Higher Activation Levels of CncC Promote Xenobiotic Resistance but Not Lifespan (A) Overexpression of keap1 did not prevent the lifespan-modulatory effects of lithium treatment. n = 150 flies per condition. (B) Schematic of the keap1 gene showing the portion deleted in the keap1^Del mutant (top) and agarose gel showing start and end of P-element disrupting keap1 coding sequence in the keap1^Del mutant (bottom). (C) Combination of heterozygous deletion of keap1 and lithium treatment showed a greater activation of CncC than on their own.

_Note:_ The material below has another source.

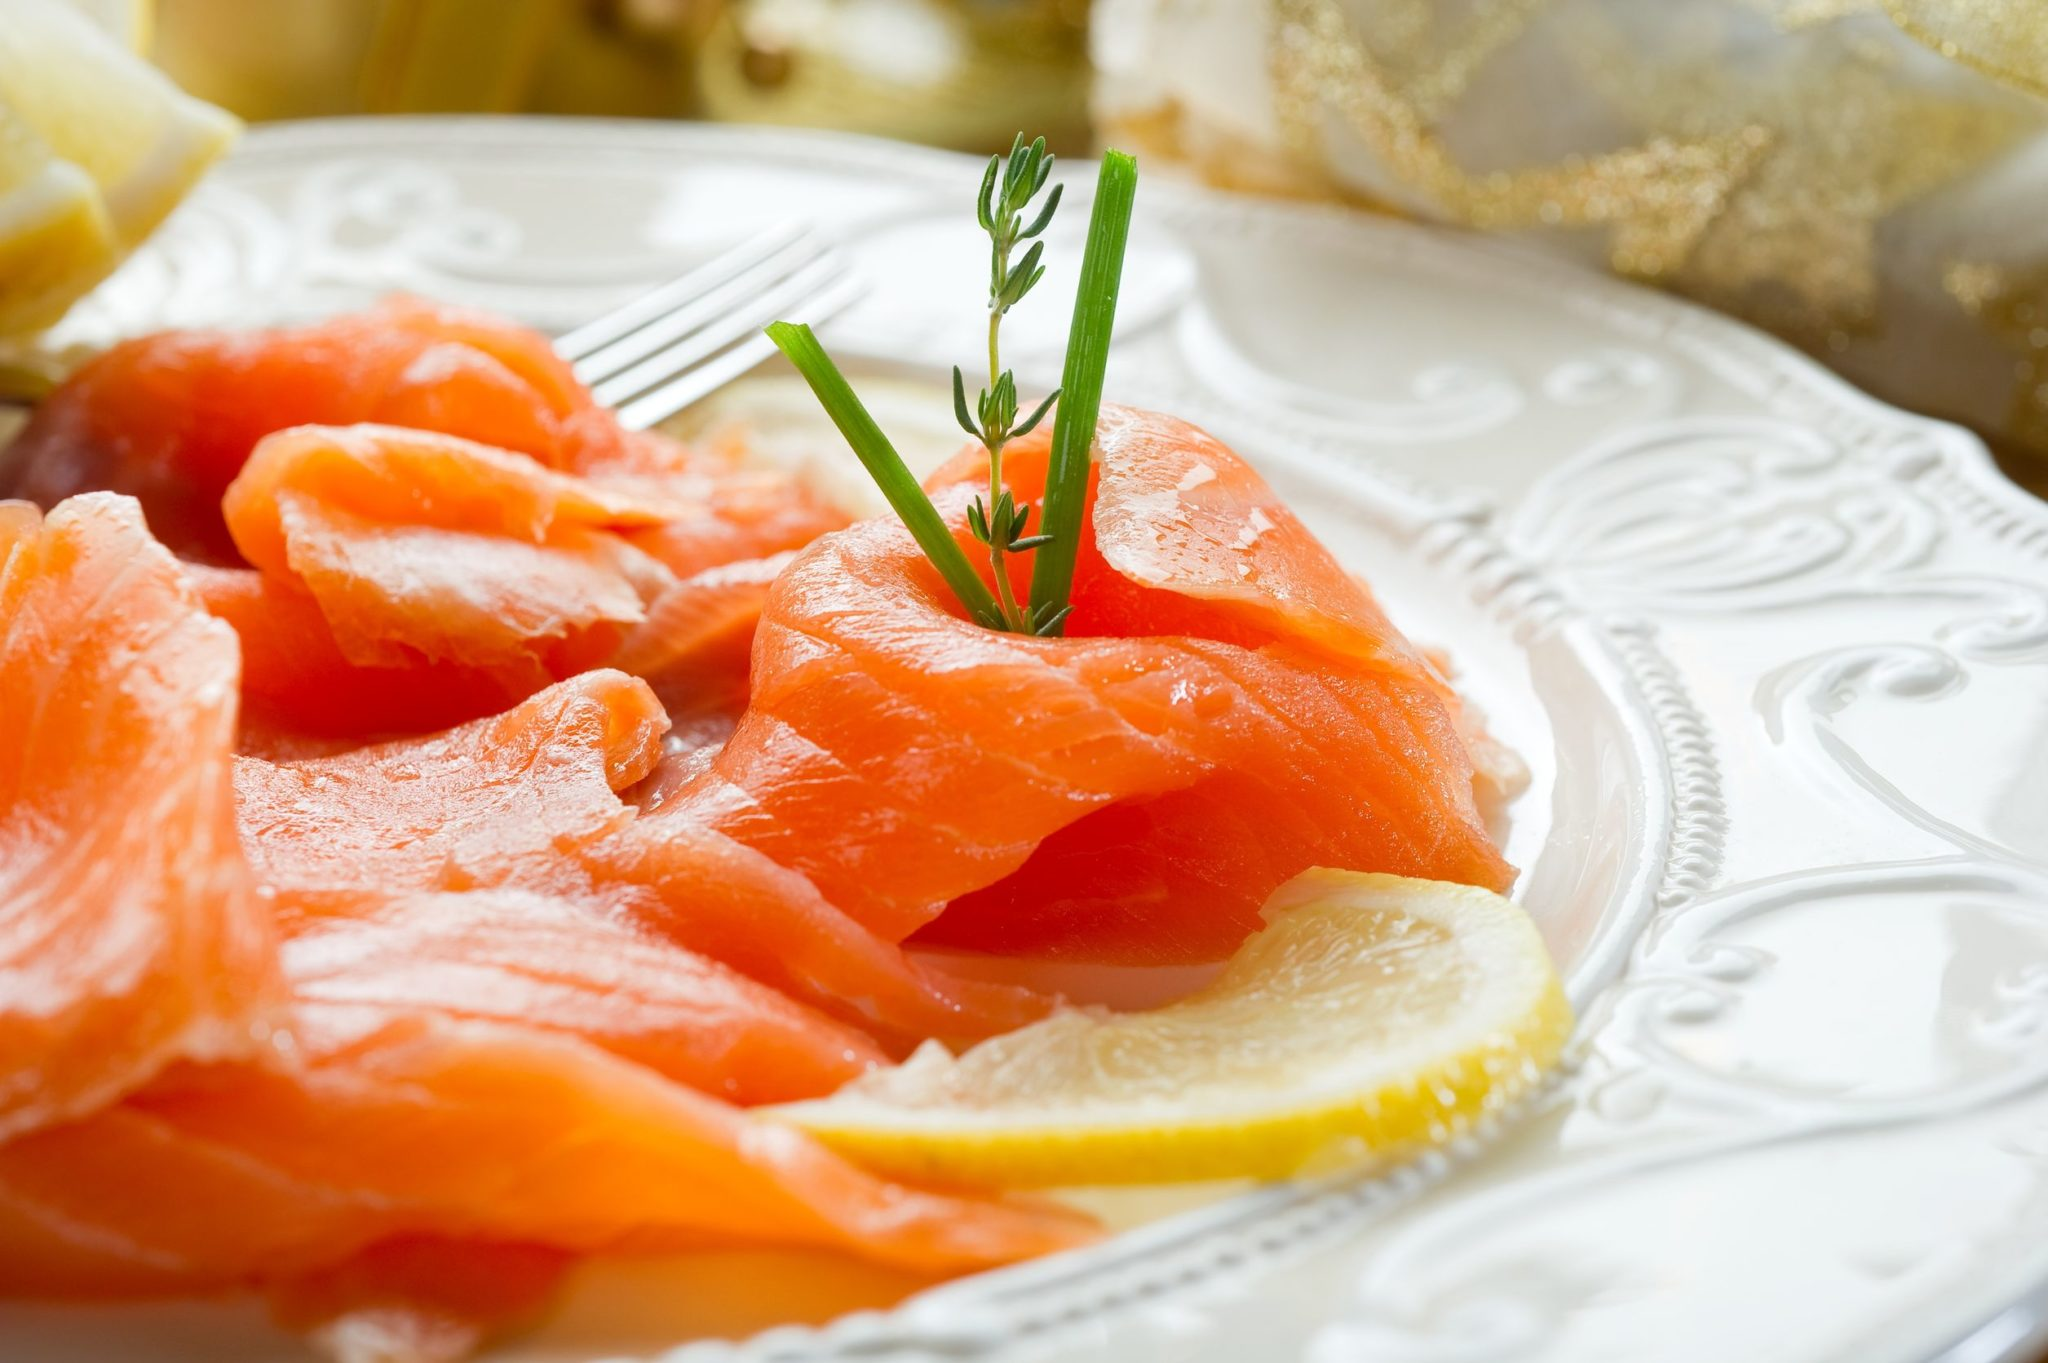 Taratata Brasserie - Smoked Salmon

Bars represent means of four replicas of five flies per repeat ± SEM. ^∗∗p < 0.01. (D) Deletion of keap1 in flies treated with lithium showed greater protection against paraquat than either treatment on its own, with maximal effects observed at 25 mM (p < 0.001). (E) The keap1 deletion protected against toxic concentrations of lithium (500 mM), and this protection was augmented with lithium pre-treatment (p < 0.01). (F) Deletion of keap1 did not extend lifespan: 1 mM lithium (p < 0.05), but not 10 mM (p > 0.05), treatment of keap1 flies resulted in a small but significant extension. n = 150 flies per condition. (G) keap1^EY5 mutant flies showed significant lifespan extension (p < 0.001), that was dose-dependently abolished (p > 0.05) by lithium, likely as a result of over-activation of CncC. n = 150 flies per condition.

Figure 7

Lithium Regulates Longevity, Metabolism, and Stress Resistance by Inhibiting GSK-3 and Activating NRF-2 (A) Summary of findings with lithium for longevity, stress resistance, starvation, and triglyceride levels. (B) Proposed model showing the mechanism by which lithium, Sgg/GSK-3, and CncC/NRF-2 act in the same pathway to modulate longevity and xenobiotic resistance.